Trip to the Academy Art Museum, Easton, MD
Drove down to the Eastern Shore of Maryland on Thursday. You cross the high suspended bridge over the Chesapeake Bay and descend into another world from the Washington-Baltimore sprawl. It's rural and flat and perfect for agriculture, which they do there big time.
I was headed to the town of Easton which boasts the Academy Art Museum, an impressive institution I've watched grow since I first started visiting in the early 1970's. Back then it was a community arts center that was starting to acquire the beginnings of a Permanent Collection, but was still rough hewn.
One of the reasons I went was to attend the Annual Member's BBQ and I was able to meet the new Director of the Museum, Erik Neil, PhD. Erik, as the letters after his name imply, is an art historian. He's former Director of the Heckscher Museum of Art on Long Island and prior to that had run the art galleries at Tulane University. Running any nonprofit in a recession is challenging, so I wish Erik and his staff the best in attracting support for this deserving Museum. (Any deep-pocketed readers of this blog should send the Academy Art Museum a check right away. When my own ship comes in I'll give them a least a couple of its lifeboats).
The Museum has an intriguing personality. On the one hand, the Eastern Shore is a real bastion of traditional art. The Museum has a long history of showing and collecting realist painting, and landscape painting in particular. But it also regularly shows work that is thoroughly modernist. This month they're opening a show of the fifty works they received as a gift from the Dorothy and Herbert Vogel Foundation, a largely conceptual batch of work. Brian Young, the AAM's Curator has a special enthusiasm for such art and speaks articulately about its underlying themes. Hopefully he'll be permanently stationed in the galleries to explain it to any confused or bemused visitors during the show.
One of the other things that brought me down to the Museum last week was a little exhibit they have up of landscapes from their Permanent Collection that includes work by Eugene Leake and Henry Coe. Leake painted the oil above titled Young Trees on a Grey Summer Morning from 1974.
Leake was President of the Maryland Institute College of Art and was responsible for hiring me to come from the West Coast to join the faculty at MICA in 1973. He saw in my paintings a kindred spirit to his own, and as he was planning to retire to devote himself to his painting, he must have figured I could help keep the torch burning for his kind of painting at MICA after he was gone. Lord knows, I've been doing my best.
Leake was an unusual artist for the 1960's and '70's as he was devoted to direct observation of the landscape and would usually start and finish his often large oils out in the field. In the '70's I was 100% on the same path and to this day have a deep respect for that plein air tradition of painting. This particular Leake oil highlights some of Leake's strengths with brushwork.

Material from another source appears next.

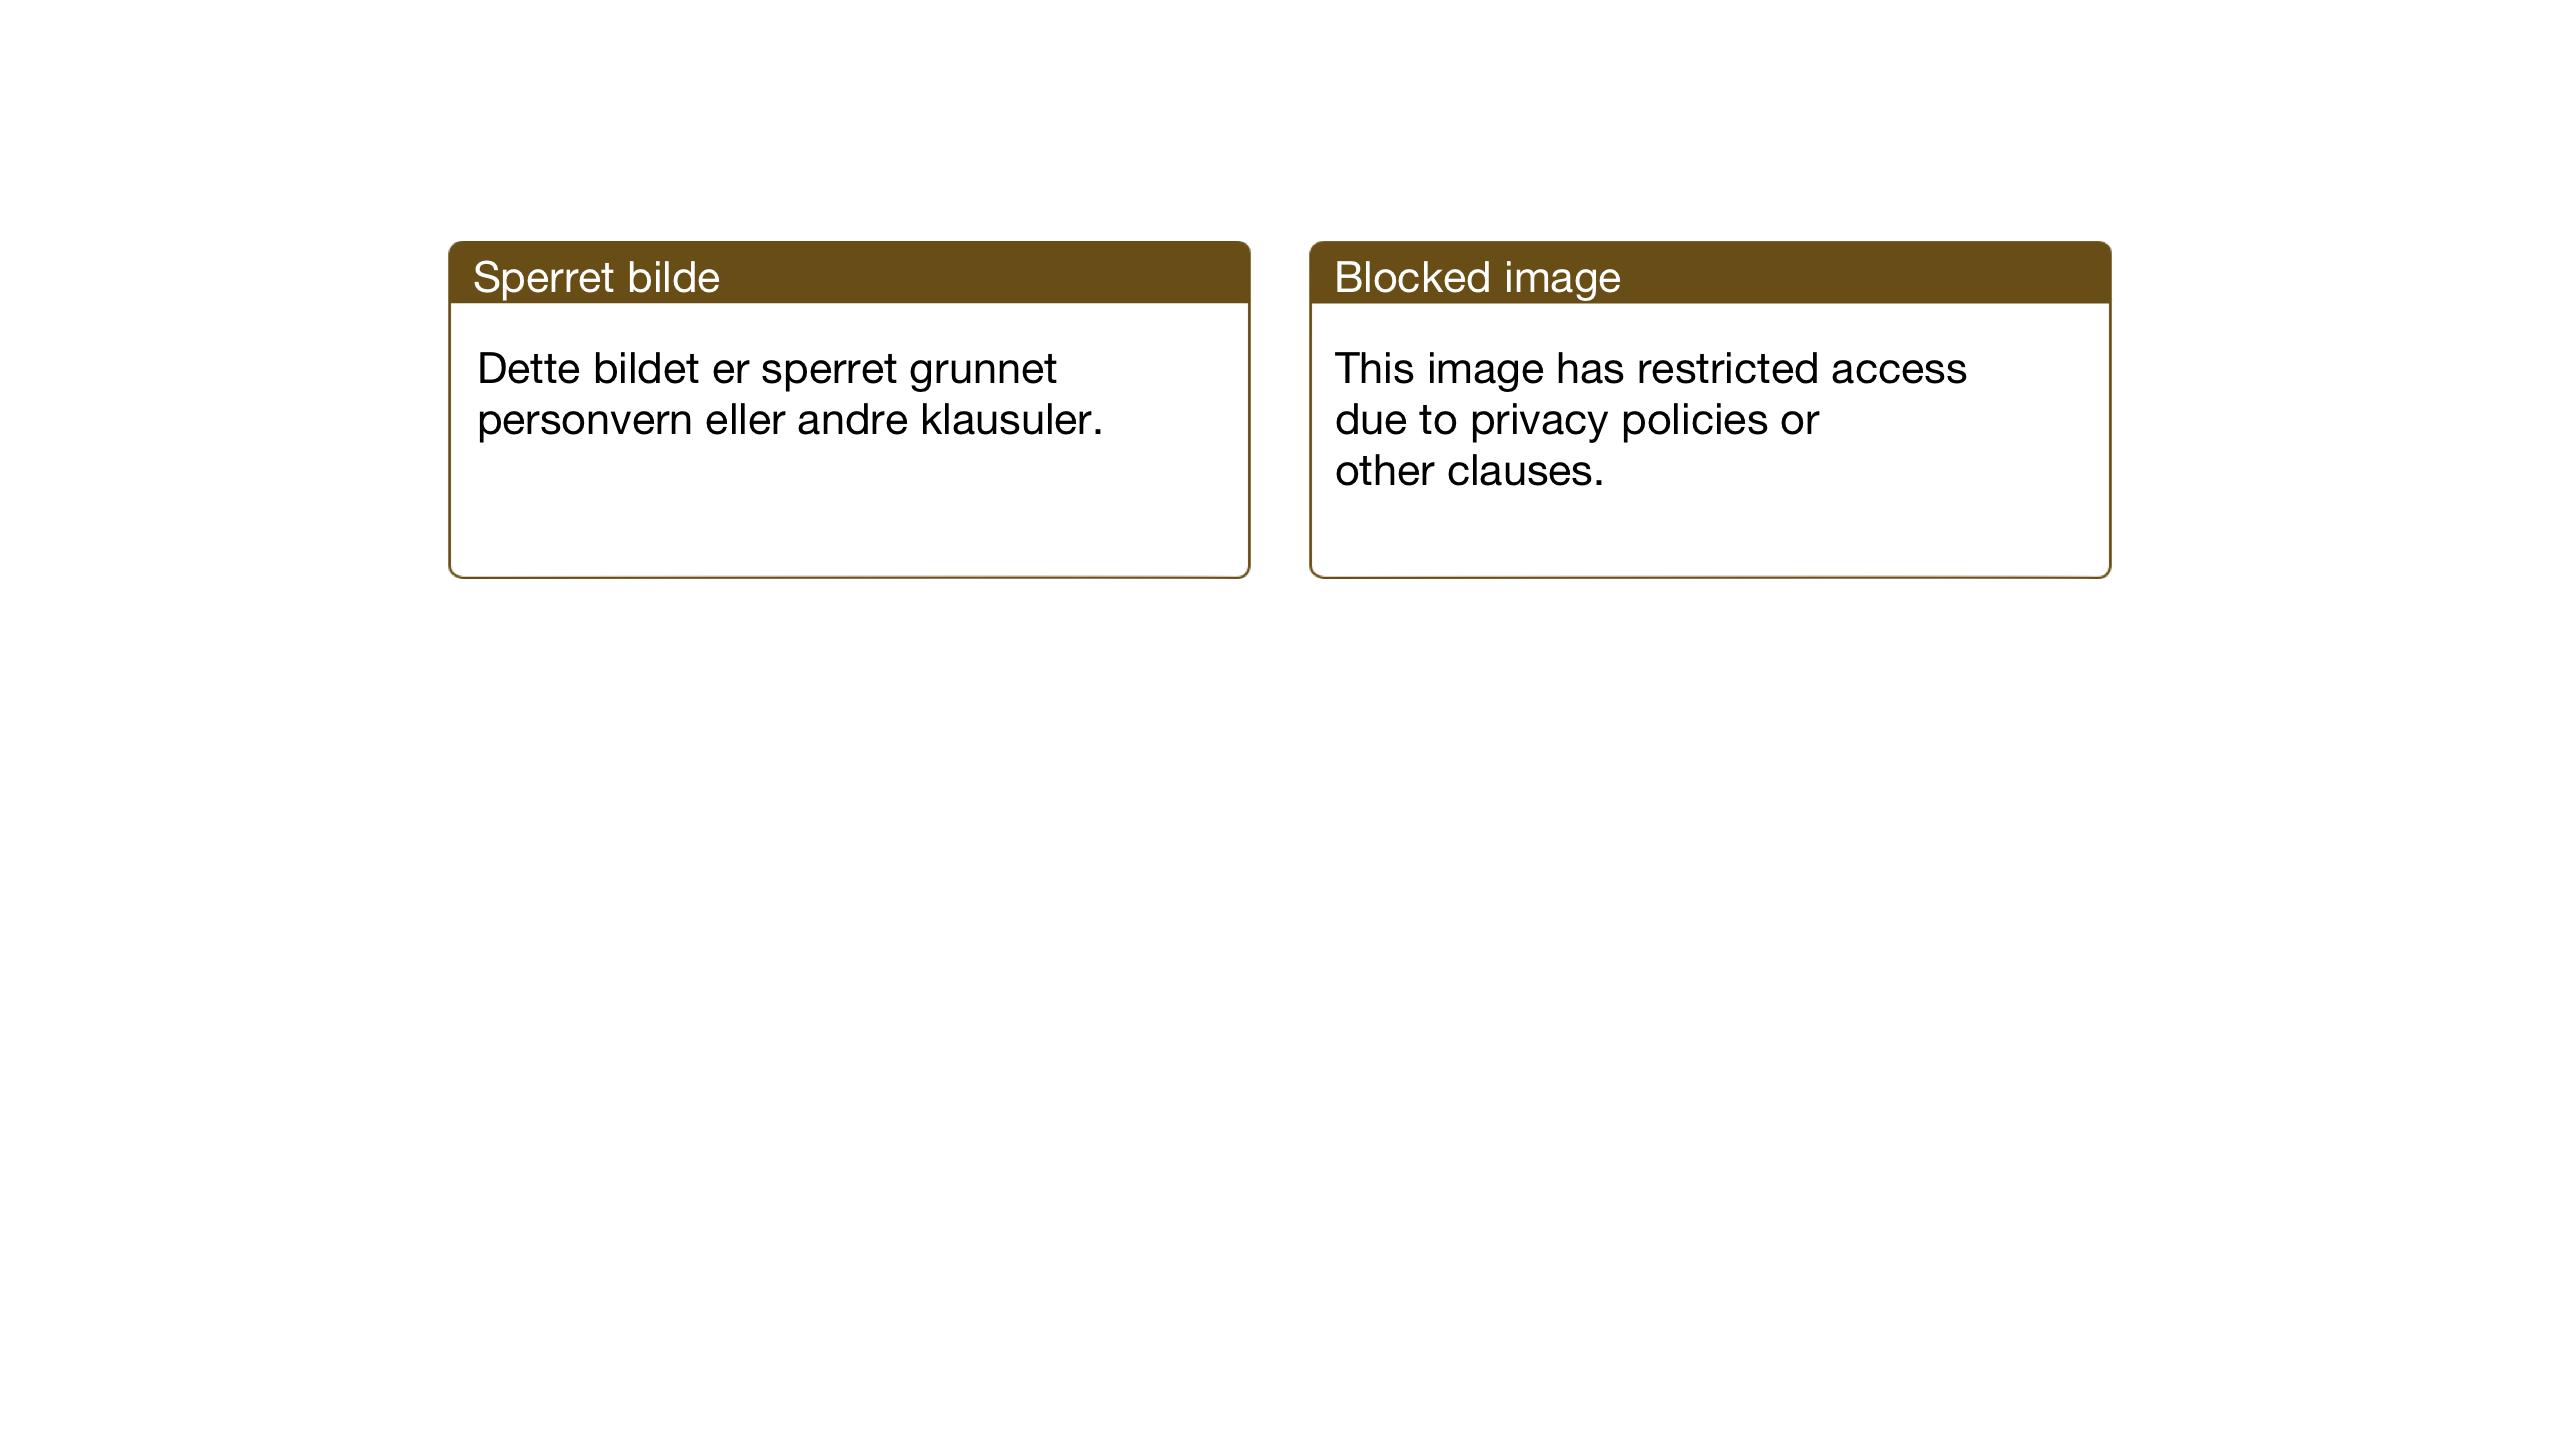 SAT, Ministerialprotokoller, klokkerbøker og fødselsregistre - Nord-Trøndelag, 744/L0425: Klokkerbok nr. 744C04, 1924-1947, s. 31

He creates four sphere-like trees in a row along a roadside and varies their color very little. Yet the closer two have a completely different character than the farther trees as he leaves them progressively more empty of foliage. The closest tree seems more made of empty spaces than leaves and still manages a noble solidity. That's hard to do.
My old friend the painter Henry Coe was one of the very first Directors of the AAM back in its infancy when it was called the Easton Academy of Art. His oil Lengthening Shadows from 1985 is a favorite of mine. Coe shows us his ability to establish very different intensities of shadows. Look at how sharp the shadow is in the foreground as the road plunges back into the space of the field. In comparison, the larger nearly horizontal shadow that stretches the entire width of the painting is just a touch lighter and more translucent. That selectivity is the stuff of strong painting. Also notice how the higher of the two clouds runs across the painting's surface exactly parallel to the top slightly diagonal edge of our big shadow on the field. It beautifully knits together sky and land.
Though it is a very modestly sized operation, the AAM is one of the very best conversions of an aging facility into a state of the art museum I've ever seen. Architecturally the building is a real beauty.
There is something undeniably fresh about a museum like this. Visiting such a place gives the viewer a chance to savor just a few dozen pieces of art and leave wanting to see more. I know there's a place for the National Gallery of Art and the Metropolitan Museum of Art, but bang-for-your-buck-wise, the smaller places can pack quite a punch. The AAMis always a fun visit and is worthy of our support.